5.2 During the term of this Agreement and thereafter for a period of 24 (twenty-four) months, Employee shall not directly or indirectly engage themselves in any other business, occupation or employment which is in direct or indirect competition to the Business of the Company, whether or not such activity is pursued for profit, gain or other pecuniary advantage and Employee shall not render any other commercial or professional services or participate in any other commercial activity which is indirect or indirect competition to the Business of the Company, except with the Company’s prior written permission.
 
5.3 Notwithstanding anything contained herein, at all times, the Employee shall employ their working hours for performing their duties for the Company.
 
6. REMUNERATION
 
6.1 In consideration of the duties, functions and services rendered by Employee, Employee shall be paid remuneration as detailed in Annexure A to this Agreement (“Remuneration”).
 
6.2 Employee may be entitled to a performance bonus as determined by the Company’s Board, at its sole discretion, from time to time.
 
6.3 The Remuneration shall be payable to Employee by the Company, subject to the deduction and withholdings of tax, as may be applicable from time to time.
 
7. TERMINATION OF EMPLOYMENT
 
7.1 The employment is terminable by the Company and Employee in accordance with the provisions of this Agreement and in the event of termination, Employee shall not be entitled to any additional benefits, compensation, other than as expressly provided in this Agreement or as provided for under the provisions of the applicable laws.
 
7.2 Termination for Cause
 
(i) The Company shall be entitled to terminate the employment of Employee without giving any notice, if in the opinion of the Company, Employee:
 
  • Continuously neglects or fails to attend to the duties entrusted to them;
  • Continuously fails to comply with the lawful directions of the Company;
  • Absconds from work or takes unauthorized leave beyond a period of 5 (five) days.
  • Violates the Company’s policies or the applicable enactments, rules, or regulations;
  • Misappropriates or damages any property of the Company;
  • Commits act of moral turpitude; Carries out any dishonest or fraudulent conduct or act or any breach of trust or breach of faith whether or not the same causes any actual harm or damage or loss to any Person including the
    Company;
  • Misconducts themselves while discharging their duties or indulges in any act of commission or omission bringing disrepute or notoriety or adverse publicity to the Company;
  • Divulges or discloses, either directly or indirectly, any of the Confidential Information either by way of transfer, sale, theft, misappropriation, publication, misuse or wrongful or unauthorized use of the Confidential
    Information or otherwise; or
  • Breaches any of the material terms, conditions, or stipulations of this Agreement.

7.3 Termination for Convenience: Notwithstanding the provisions of Clause 7.2, either Party may terminate this Agreement at any time by providing a prior written notice of 30 (thirty) days to the other Party.
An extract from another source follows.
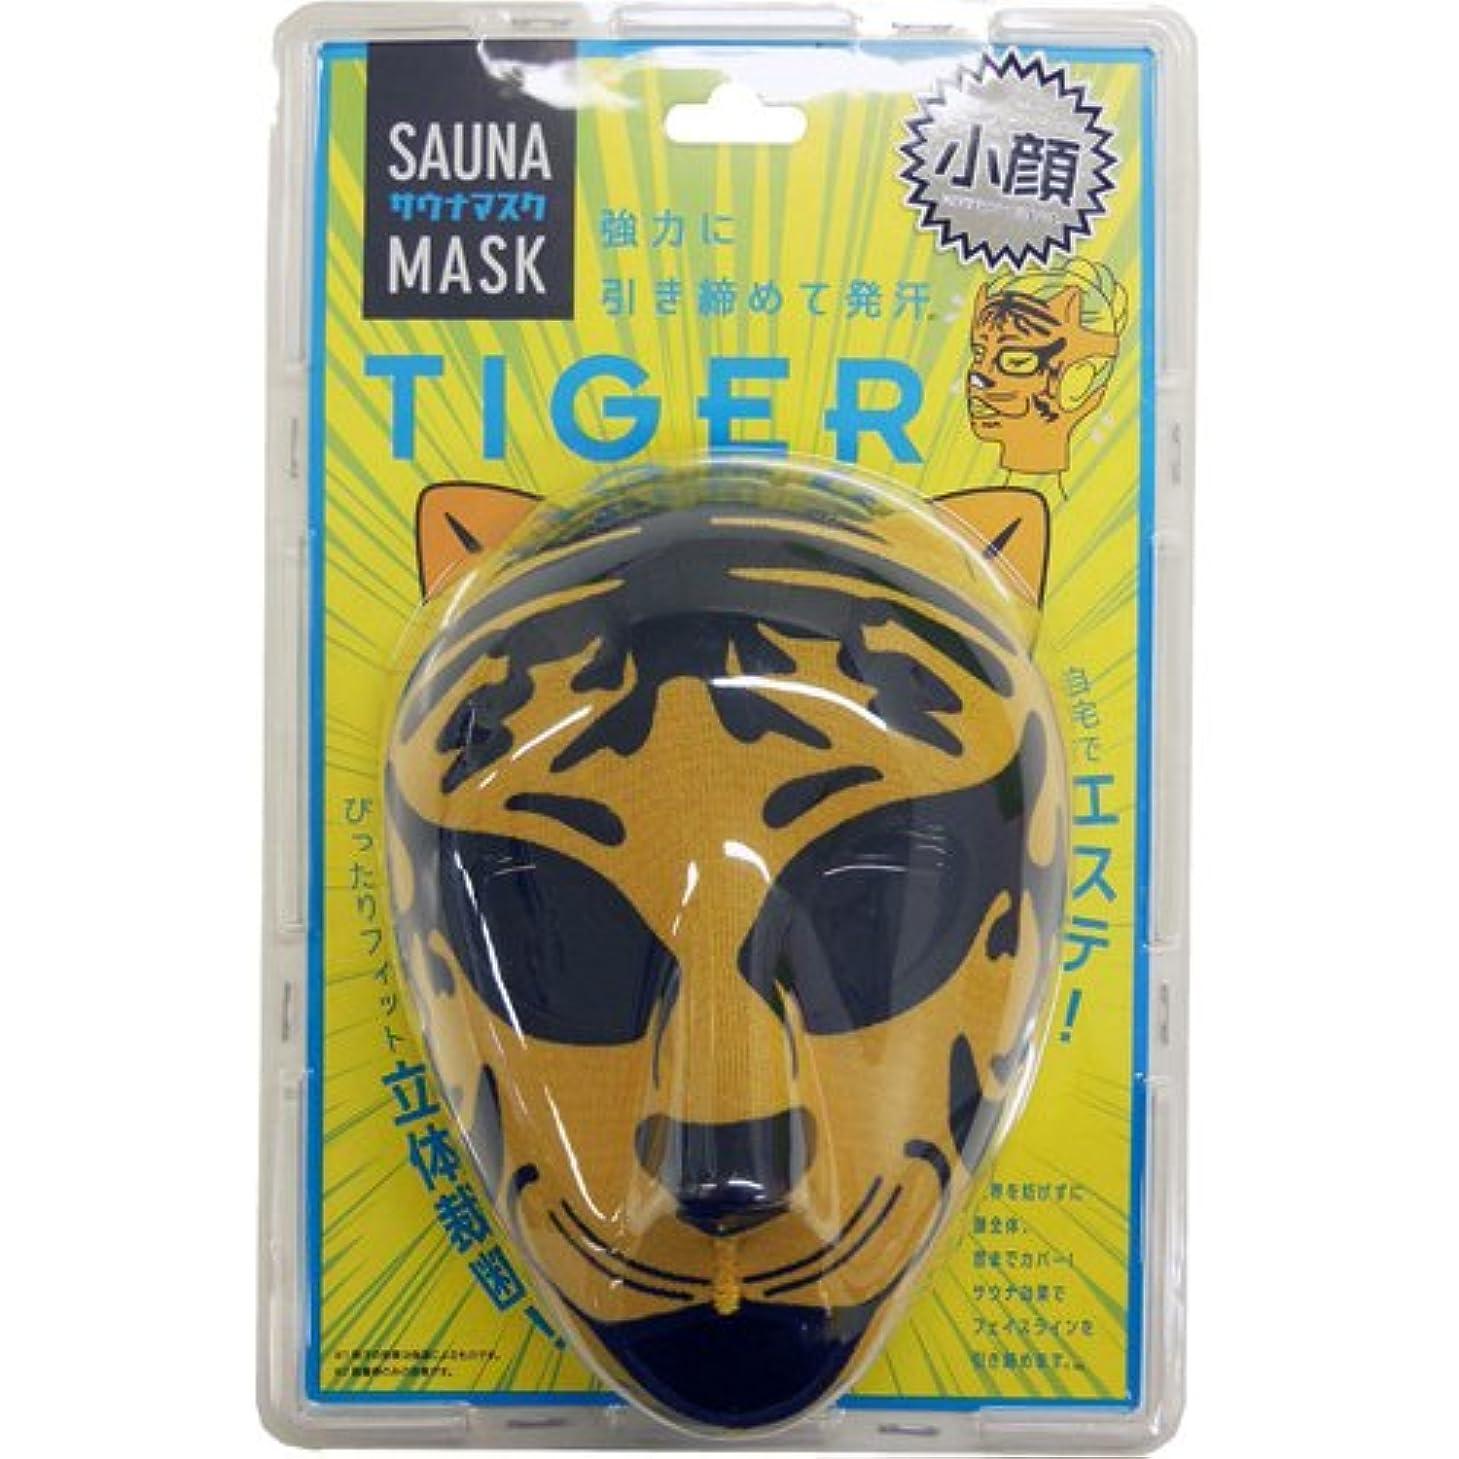 トランジスタ報いる魅力的であることへのアピールコジット サウナマスク TIGER (1個)

In the event the Company terminates this Agreement, the Company reserves the sole right to terminate, with immediate effect, on payment of notice pay based on the Employee’s basic salary (excluding allowances) in lieu of unexpired notice period thereof. In the event the Employee terminates this Agreement, they agree to serve the full notice period for ensuring proper knowledge transfer etc. Employee agrees to notify of any leaves that are occurring during the notice period and is at the discretion of the Company.

 
7.4 Termination for Non-Performance: In the event the Company determines that the Employee’s performance and/or behaviour is poor or unsatisfactory, the Company at its sole discretion may initiate a performance improvement process (“PIP”) for a pre-determined period. In the event the Employee refuses to participate in the PIP, or their performance is determined to be unsatisfactory during or at the end of the PIP, the Company reserves the right to terminate this Agreement. The Company reserves the right to terminate for non-performance whether or not a formal PIP had been conducted for the Employee.
 
7.5 Effect of Termination:
 
(i) Upon termination of this Agreement, Employee shall immediately and without any protest or delay, return to the Company, in the manner required by the Company, all the assets and property (including any leased properties) of the Company including any vehicle, laptop, documents, files, books, papers and memos in Employee’s possession or custody and including all
information, whether confidential, intellectual property related or otherwise, received from or relating to the Company or acquired during the course of Employee’s employment, contained on or in any media, electronic or otherwise (collectively “Company Assets”) and the Company shall pay all outstanding amounts due to Employee including reimbursement of expenses incurred by Employee during the term of employment, upon return of the Company Assets. . The Company will initiate the process for the return by the Employee of the Company Assets, including pre-booking for any pick- up services. Any costs associated the collection will be borne by the Company.
 
8. CONFIDENTIALITY AND INTELLECTUAL PROPERTY RIGHTS
 
8.1 Employee undertakes and agrees that, in consideration of the employment with the Company and the remuneration and other perquisites that Employee will receive during the employment, they shall abide with the following:
 
(i) They will not, either directly or indirectly, both during and perpetually after the expiry of the term of this Agreement, without the Company’s prior written permission, disclose, divulge, disseminate, publish, lecture upon, sell or transfer to any Person, or permit any Person to examine or make copies of, any documents, writings, drawings, materials or records that contain or are derived from any Confidential Information;
(ii) They will comply, and do all things necessary to ensure that the Company shall comply with all applicable laws and with the provisions of contracts executed by the Company relating to Intellectual Property or to the safeguarding of information, including the signing of any confidentiality agreements required in connection with the performance of his duties and function.
(iii) Confidential Information shall be solely and absolutely vested in and owned by the Company and Employee shall not have or claim any right, title or interest therein;

(iv) The Company shall not be required to designate Employee as the author of any All services rendered by Employee to the Company shall be on a ‘work for hire’ basis. Employee undertakes to promptly disclose all Developments, know-how and Intellectual Property to the Company and shall, at the Company’s request and cost, do all things that may be necessary and appropriate to establish perfect record or document the Company’s ownership of the Developments, know-how and Intellectual Property Rights including, but not limited to, the execution of the appropriate copyright or patent applications or assignments, the productions of documents and evidence to the appropriate authorities etc. In the event that any Intellectual Property is not assignable, Employee shall irrevocably and unconditionally grant an exclusive, royalty free and perpetual license on such Intellectual Property to the Company.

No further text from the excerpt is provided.